Quantcast
Username/Email:  Password: 

Overcoming Asymmetric Routing on Multi-Homed Servers

Did you pay for two network interfaces and find your server is using only one? Balance the traffic with some simple routing hints.


Asymmetric TCP/IP routing causes a common performance problem on servers
that have more than one network connection. The atypical network flows
created by asymmetric routes occur most often in server environments
where a different interface is used for sending traffic than is
used to receive traffic. The flows are considered to be unusual
because traffic from one of end of the connection (A→B) travels over a
different set of links than does traffic moving in the opposite direction
(B→A). Asymmetric routes have legitimate uses, such as taking advantage
of high bandwidth but unidirectional satellite links, but more often
are a source of performance problems.

These abnormal packet flows interact poorly with TCP's congestion control
algorithm. TCP sends packets in both directions even when the data flow,
or goodput, is unidirectional. TCP's congestion control algorithm
anticipates that the data packets share delay and loss
characteristics similar to what their corresponding acknowledgment and control packets
carry when traveling in the reverse direction. When the two types of data
travel across physically different paths, this assumption is unlikely to
be upheld. The resulting mismatch generally results in suboptimal
TCP performance (see Resources).

A more serious problem occurs when the asymmetric routing introduces
artificial bandwidth bottlenecks. A server with two interfaces of
equal capacity can develop a bottleneck if it receives traffic on both
interfaces but always responds through only one. Servers
commonly add multiple interfaces, even multiple interfaces connected to
the same switch, in order to increase the aggregate transmission capacity
of the server. Asymmetric routing is a commonly unanticipated outcome
of this configuration that comes about because traditional routing is
wholly destination-based.

Destination-based routing uses only some leading prefix of the packet's
destination IP address when selecting on which interface to send the packet
out. Each entry in the routing table contains the IP address of the
next-hop router (if a router is necessary) and the interface through which that packet
should be sent. The entry also contains a variable length IP
address prefix to match candidate packets against. That prefix could
be as long as 32 bits for an IPv4 host route or as short as 0 bits for
a default route that matches everything. If more than one routing
table entry matches, the entry with the longest prefix
is used.

A typical server not participating in a dynamic routing protocol, such as
OSPF or BGP, has a simple routing table. It contains one entry for each interface on the server and one default route for
reaching all the hosts not directly connected to its interfaces. This
simple approach, which relies heavily on a single default route, results
in a concentration of outgoing traffic through a single interface without
regard to the interface through which the request originally was received.

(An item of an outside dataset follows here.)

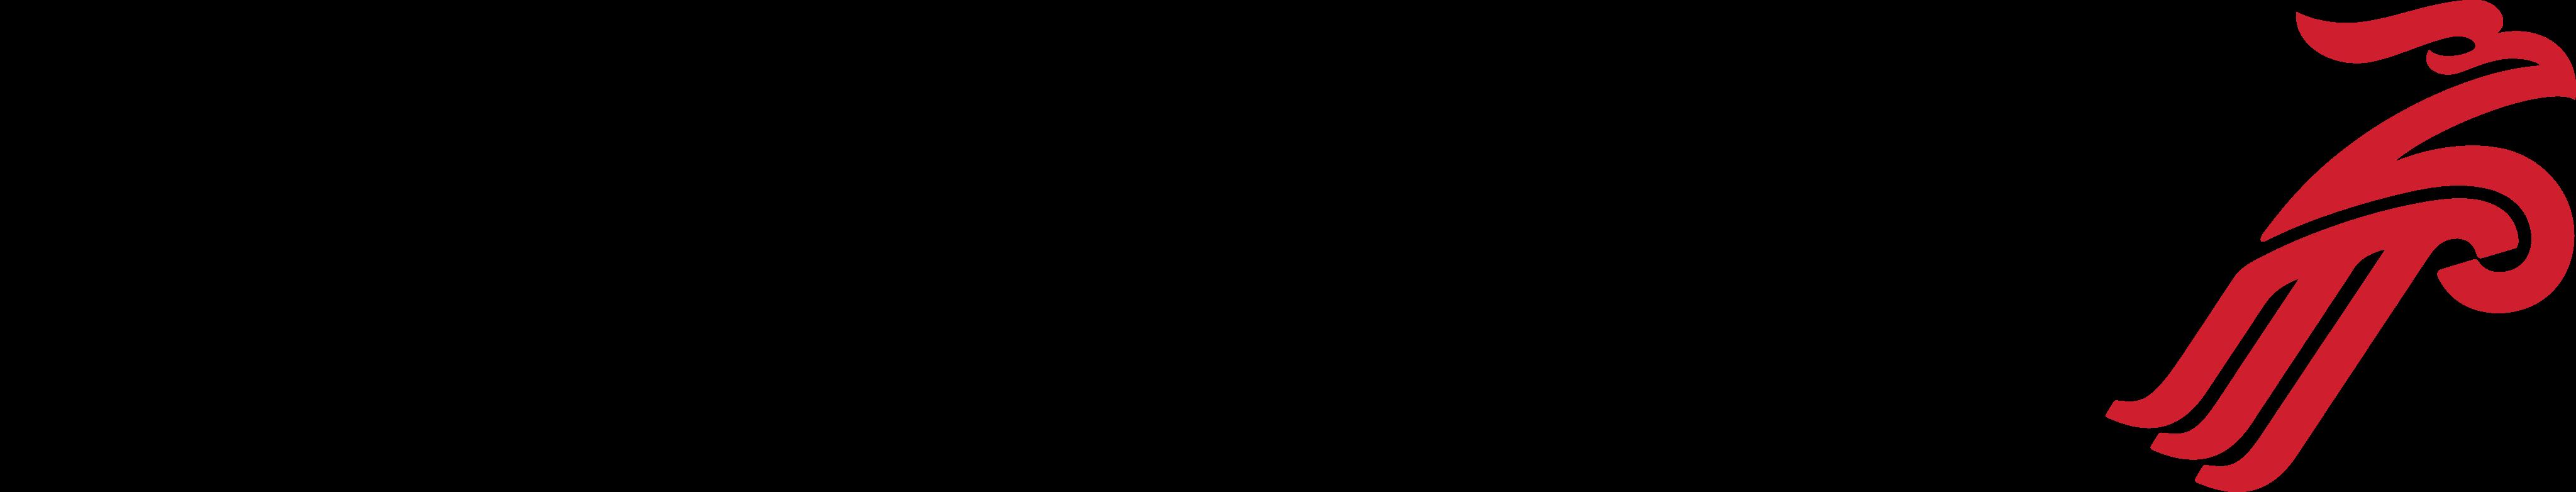 shenzhen airlines logo - Shenzhen Airlines Logo

A good illustration of this situation is a Web server equipped with two
100Mb full duplex interfaces. Both of the interfaces are configured
on the same subnet. This setup should provide 200Mb/sec of bandwidth
from both incoming and outgoing traffic if it is attached to a full duplex switch
with a multi-gigabit backplane. This arrangement is an attractive server
design because it allows the server to exceed 100Mb of capacity
without having to upgrade to gigabit network infrastructure. This is
a cost effective approach, as even though copper-based gigabit NICs
are becoming inexpensive, the switch port costs to utilize them are still
significantly more than what would be incurred for even several 100Mb ports.

Typically, clients connecting to this Web server first
would encounter some kind of load balancer, either DNS-based or
perhaps a Layer-4 switching appliance, that would direct half
of the requests to one interface and half to the other.
Listing 1 shows what the default routing table might look like on that Web server
if it had two interfaces, both configured on the 192.168.16.0/24 subnet.

Listing 1. Typical Routing Table

Destination   Gateway      Genmask       Flags Iface
192.168.16.0  *            255.255.255.0 U     eth0
192.168.16.0  *            255.255.255.0 U     eth1
127.0.0.0     *            255.0.0.0     U     lo
default       192.168.16.1 0.0.0.0       UG    eth0

In this circumstance incoming load is distributed evenly, thanks to the
load balancer. However, the response traffic all goes out through
eth0 because, by default, the server uses destination-based routing.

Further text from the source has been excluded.